- DATASET EXTRACT

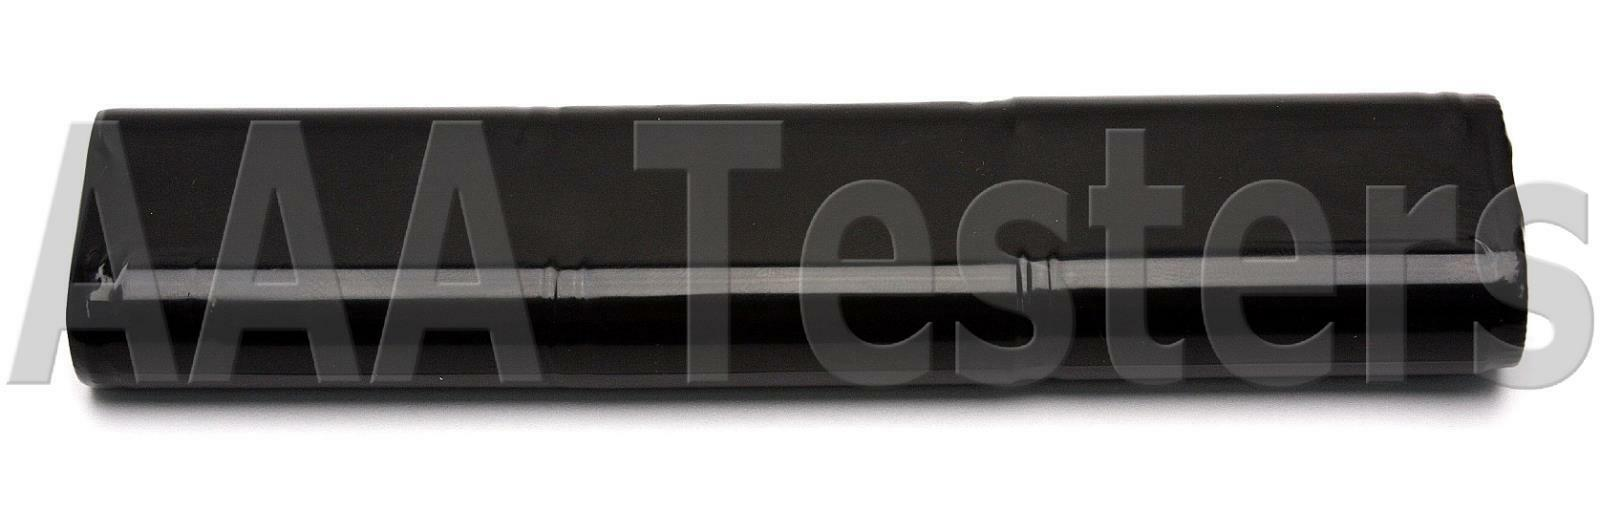 0090041000 Battery for TRILITHIC 860DSP field analyzer 860DSPi field analyzer
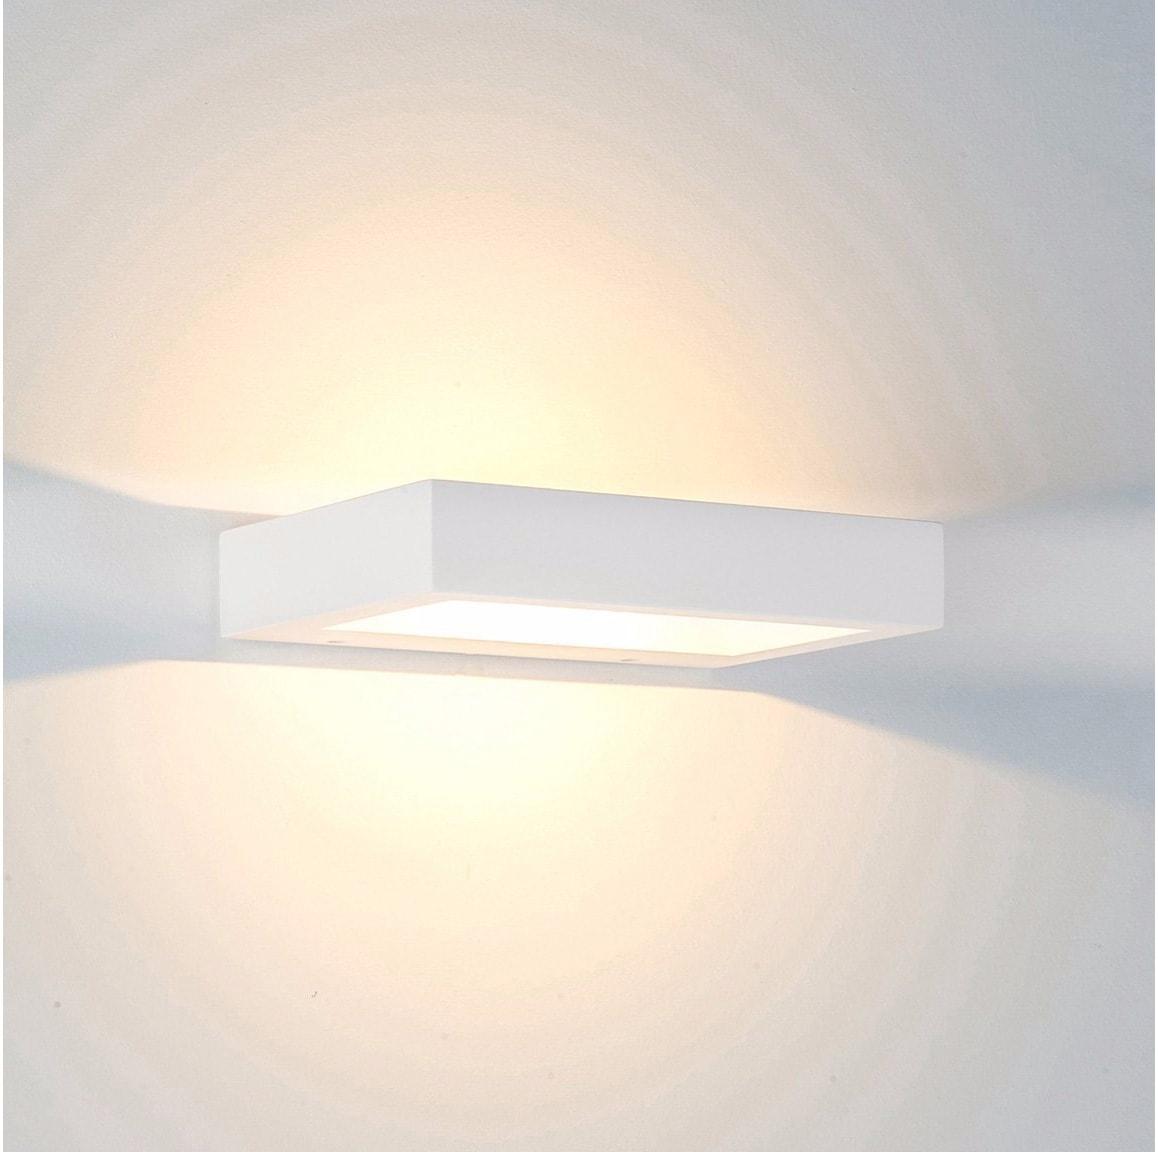 Havit Lighting LED Wandleuchte SHIMMER, Warmweiß
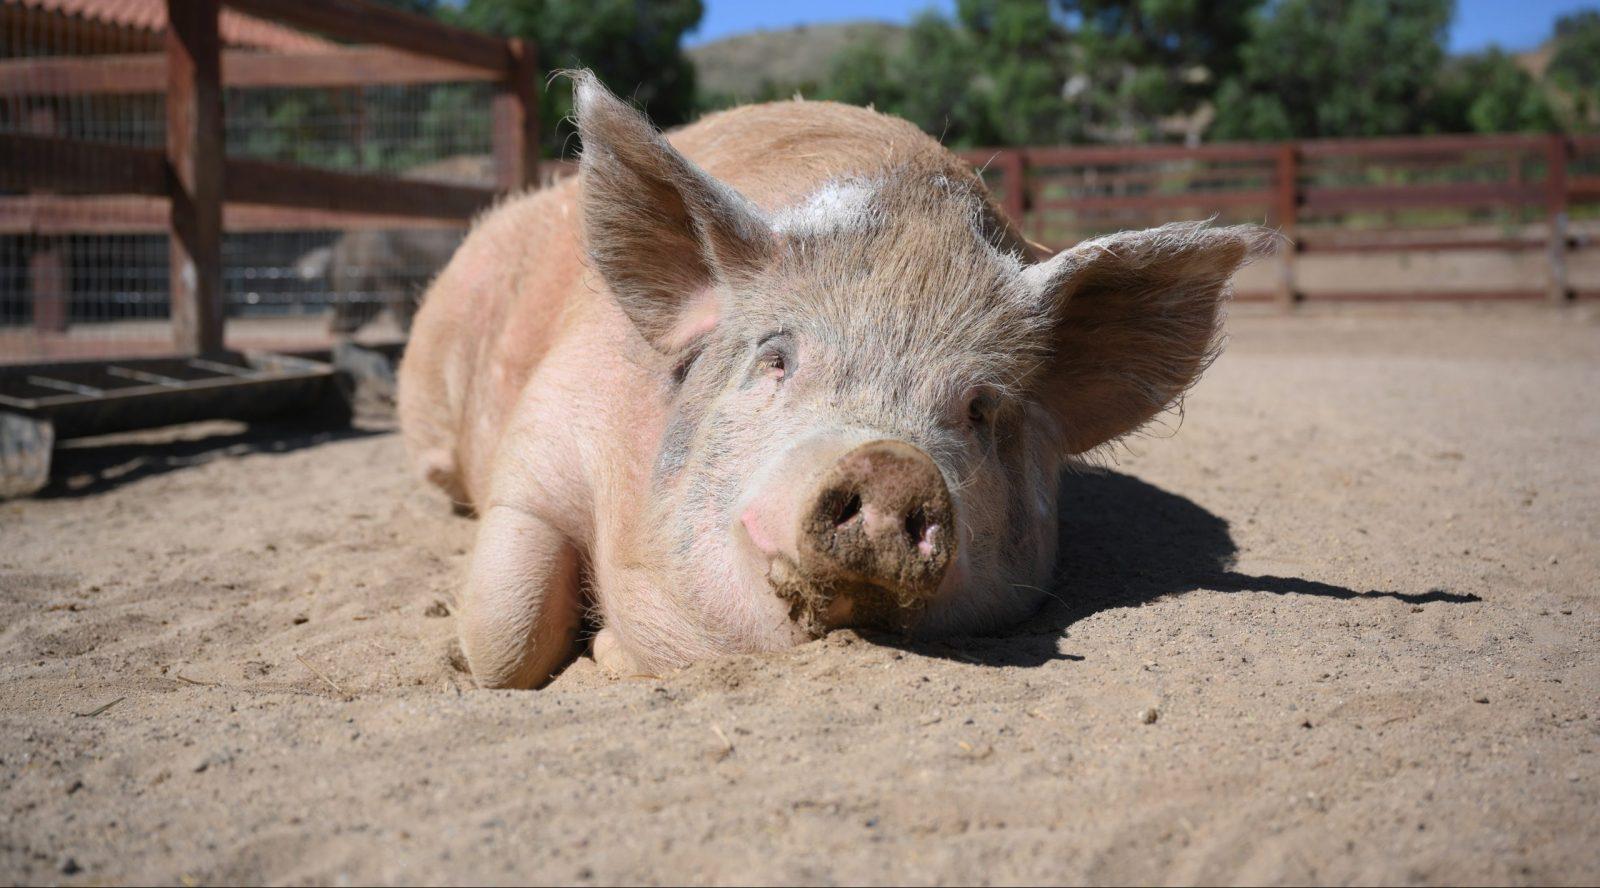 Von D Pig at Farm Sanctuary's Southern California shelter
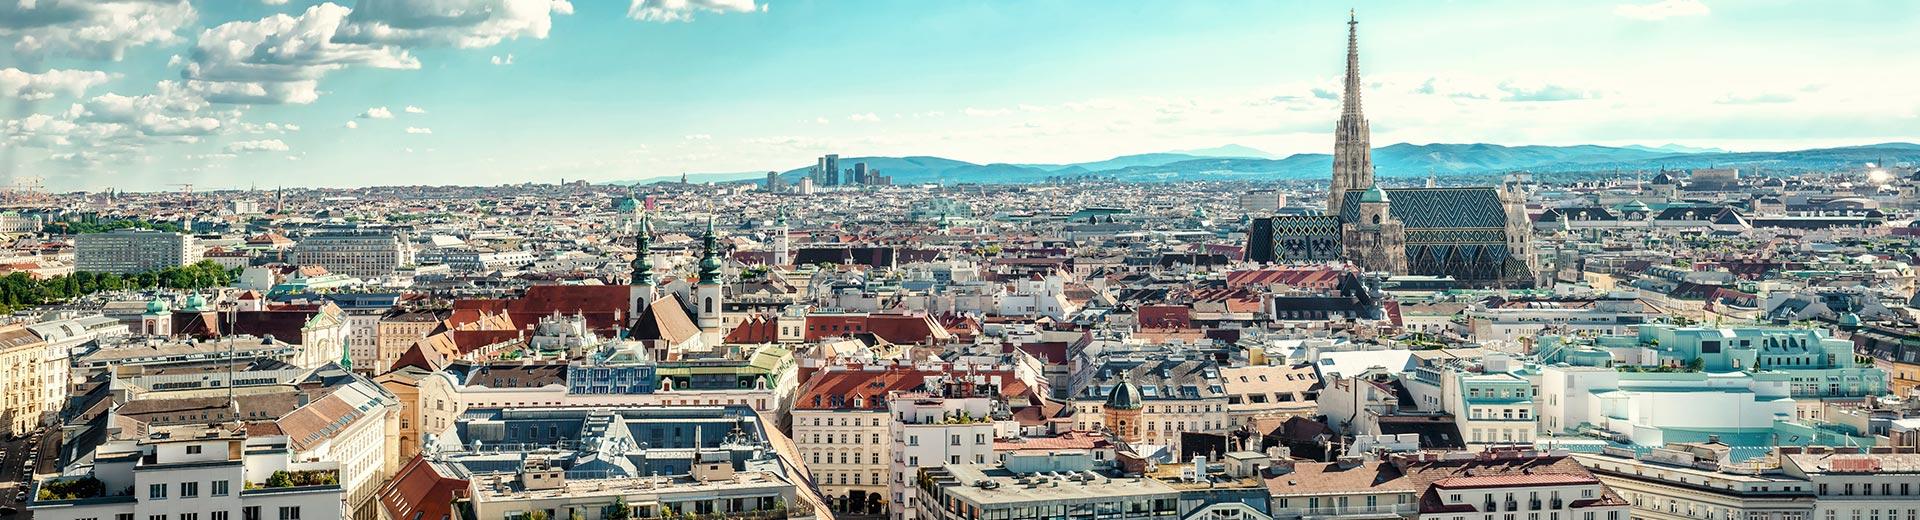 Gruppenreise Wien - Package Gruppen Select Bahn
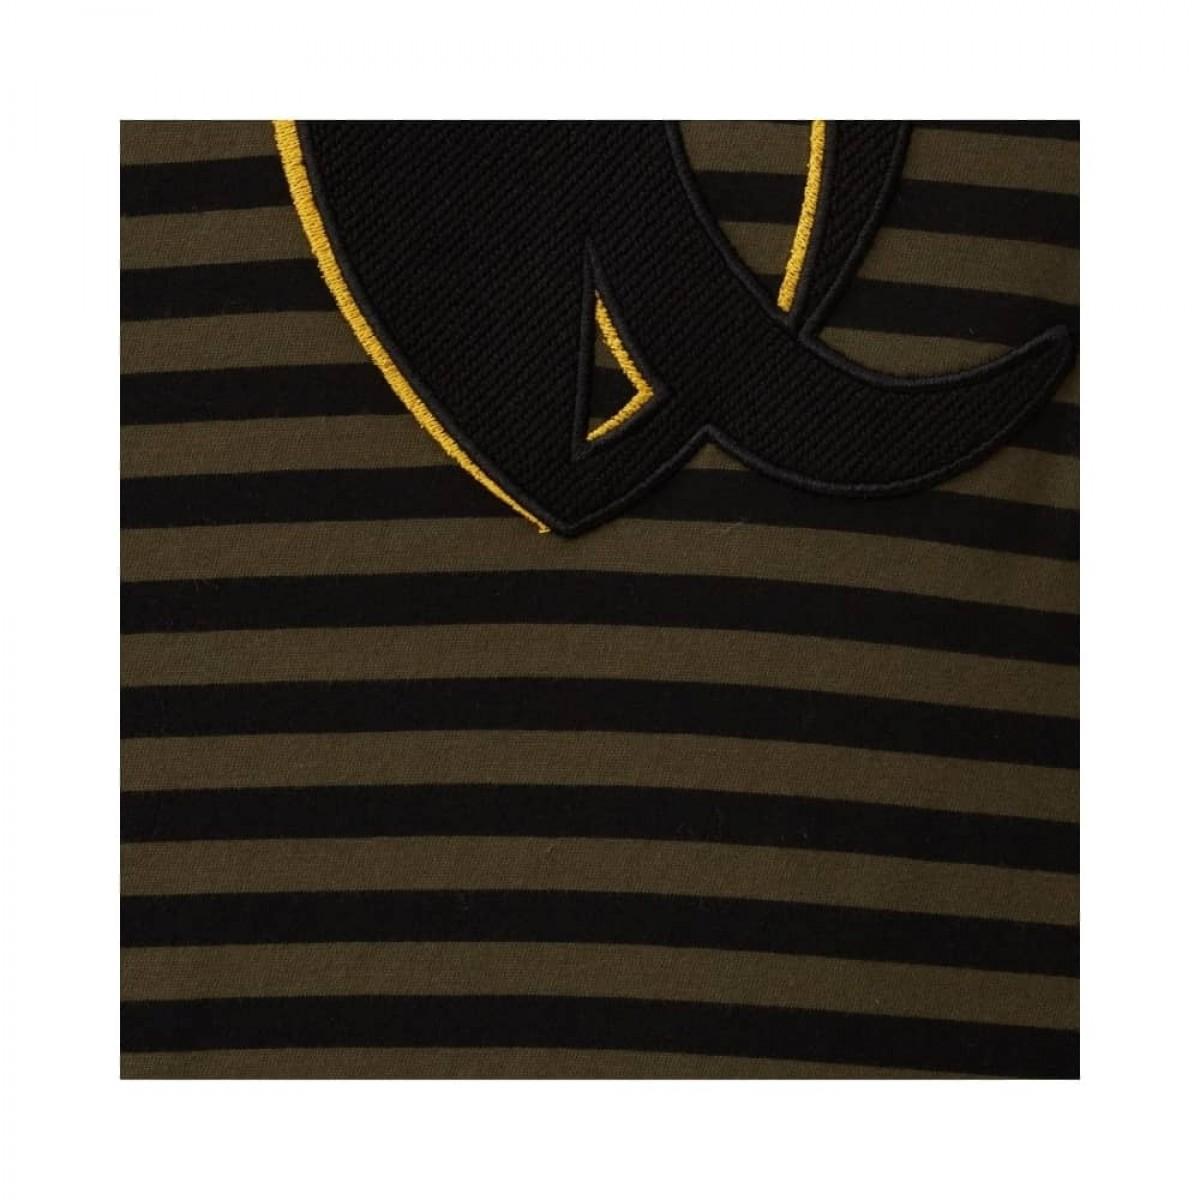 igori longsleeve tee - olive - logo

- PROBLEM DESCRIPTION
Would you give the data above again word for word, minus the pictures?

- SOLUTION TO THIS TASK
 0090041000 Battery for TRILITHIC 860DSP field analyzer 860DSPi field analyzer
 Havit Lighting LED Wandleuchte SHIMMER, Warmweiß
 Von D Pig at Farm Sanctuary's Southern California shelter
 Gruppenreise Wien - Package Gruppen Select Bahn
 igori longsleeve tee - olive - logo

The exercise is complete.